The word “magic” covers a great deal of ground, encompassing or closely connecting with a number of theories, beliefs, practices, and technologies that include witchcraft, astrology, divination, demonology, alchemy, ritual, theurgy, Cabala, theosophy, spiritualism, numerology, and other related topics. For more than two millennia, many of these have also been objects of study for scholars working in the Western academic tradition. Pliny the Elder (23–79 CE) opened the thirtieth book of his massive encyclopedia with a history of magic. Proclus (410–85), the last of the great Neoplatonists, joined his predecessors in seeking philosophical foundations for magic, astrology, and theurgy. Isidore of Seville (600–36), Pliny’s Christian successor, included a section “On Magicians” in his encyclopedia, which was constantly imitated in the later medieval centuries.

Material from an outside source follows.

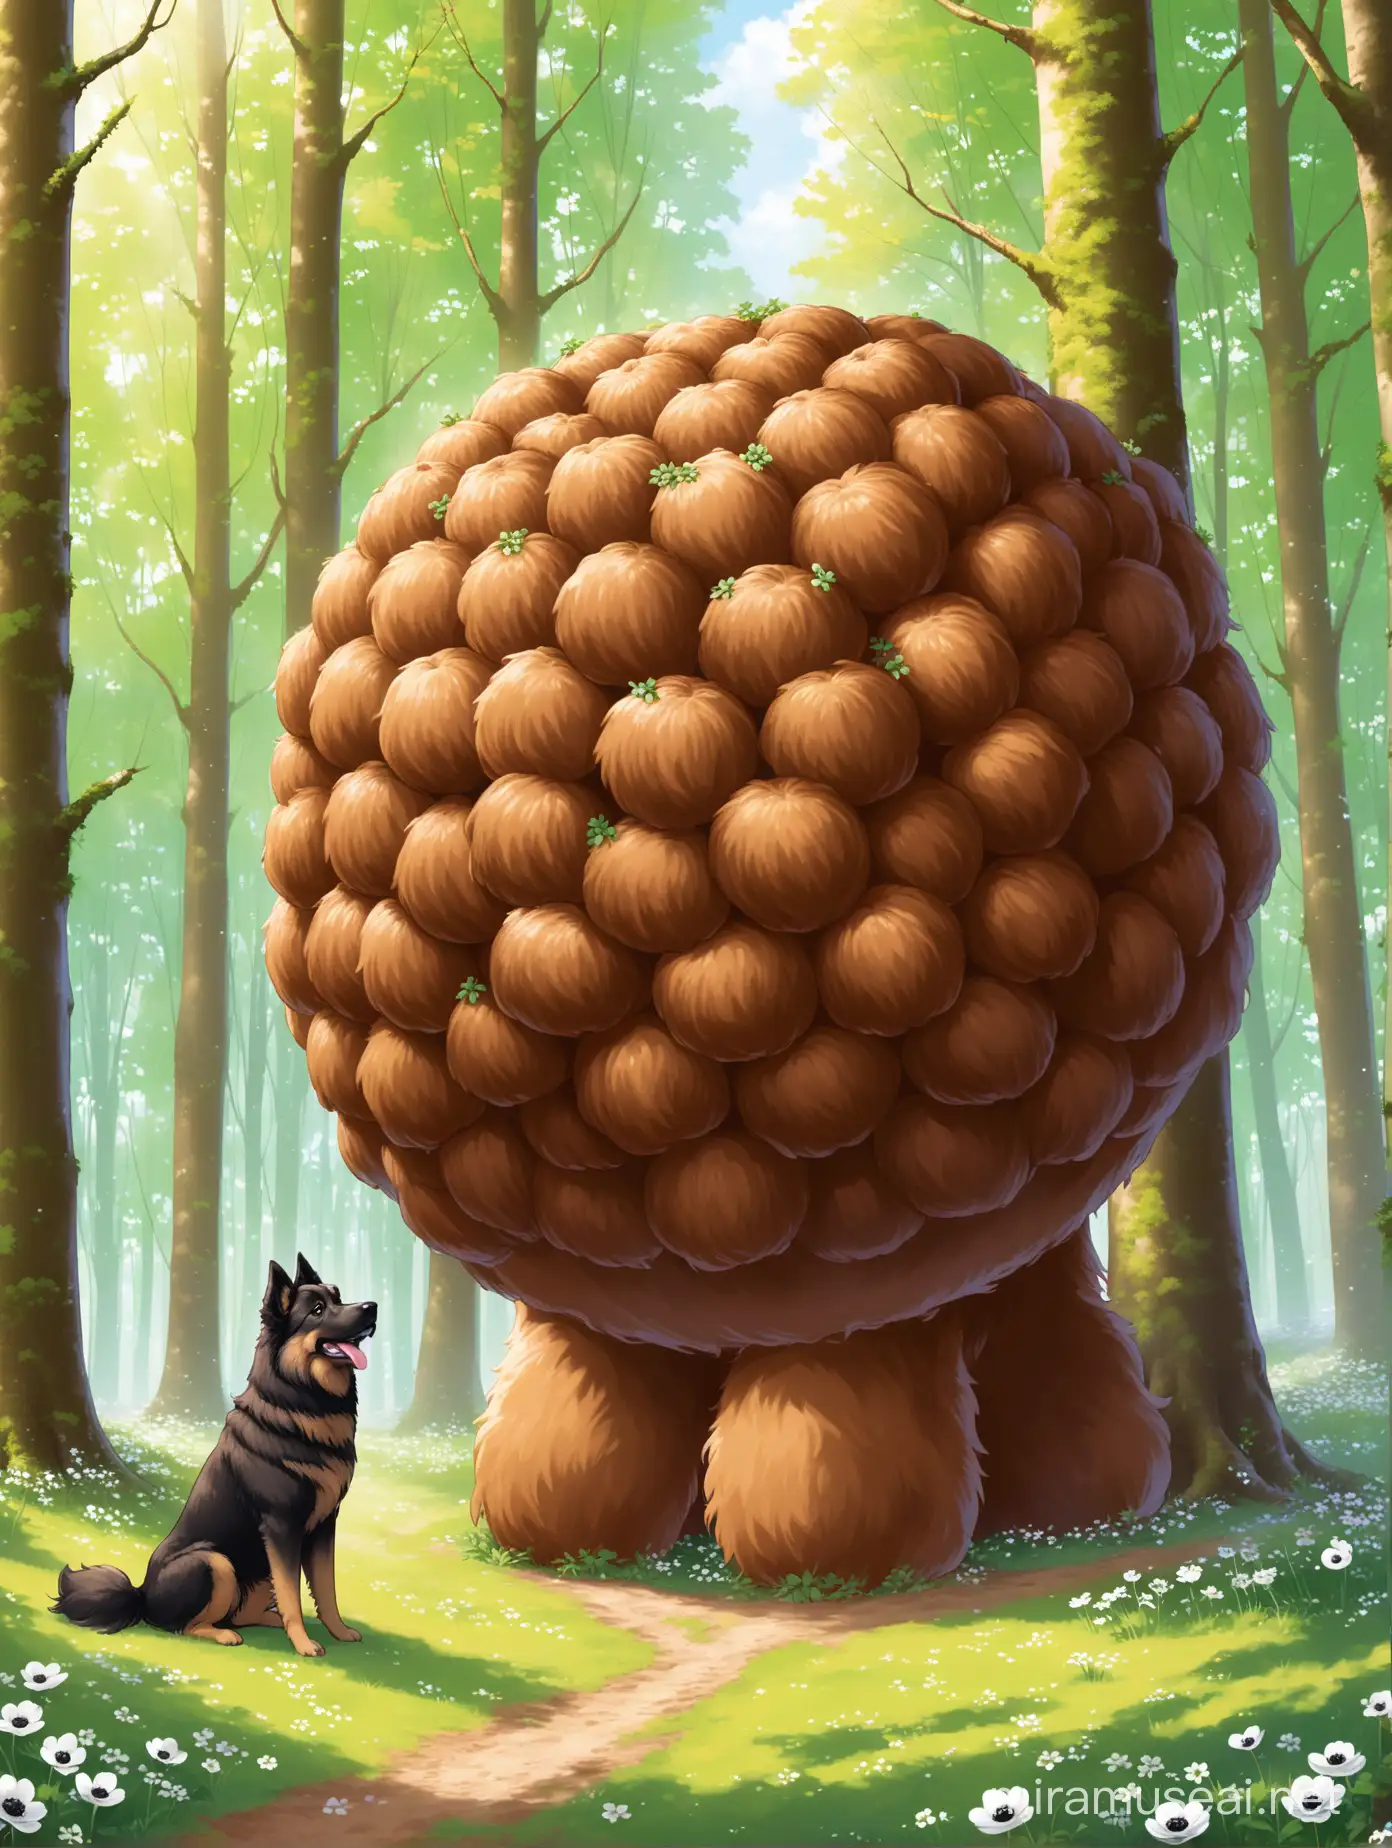 In a bright spring beech forest with white anemones on the ground, a very happy a Belgian Tervuren dog has found a gigant meatball as big as a tree. the Belgian Tervuren dog worships the big meatball

In our own day, Lynn Thorndike described this early material in a Columbia dissertation that paved the way for his monumental History of Magic and Experimental Science (1923–58), which recapitulates the first thirteen centuries of a story that ends in the seventeenth century. The sheer density of information in Thorndike’s later volumes reflects profuse publication on his subject once printing was invented in the fifteenth century, and the flood has never slowed.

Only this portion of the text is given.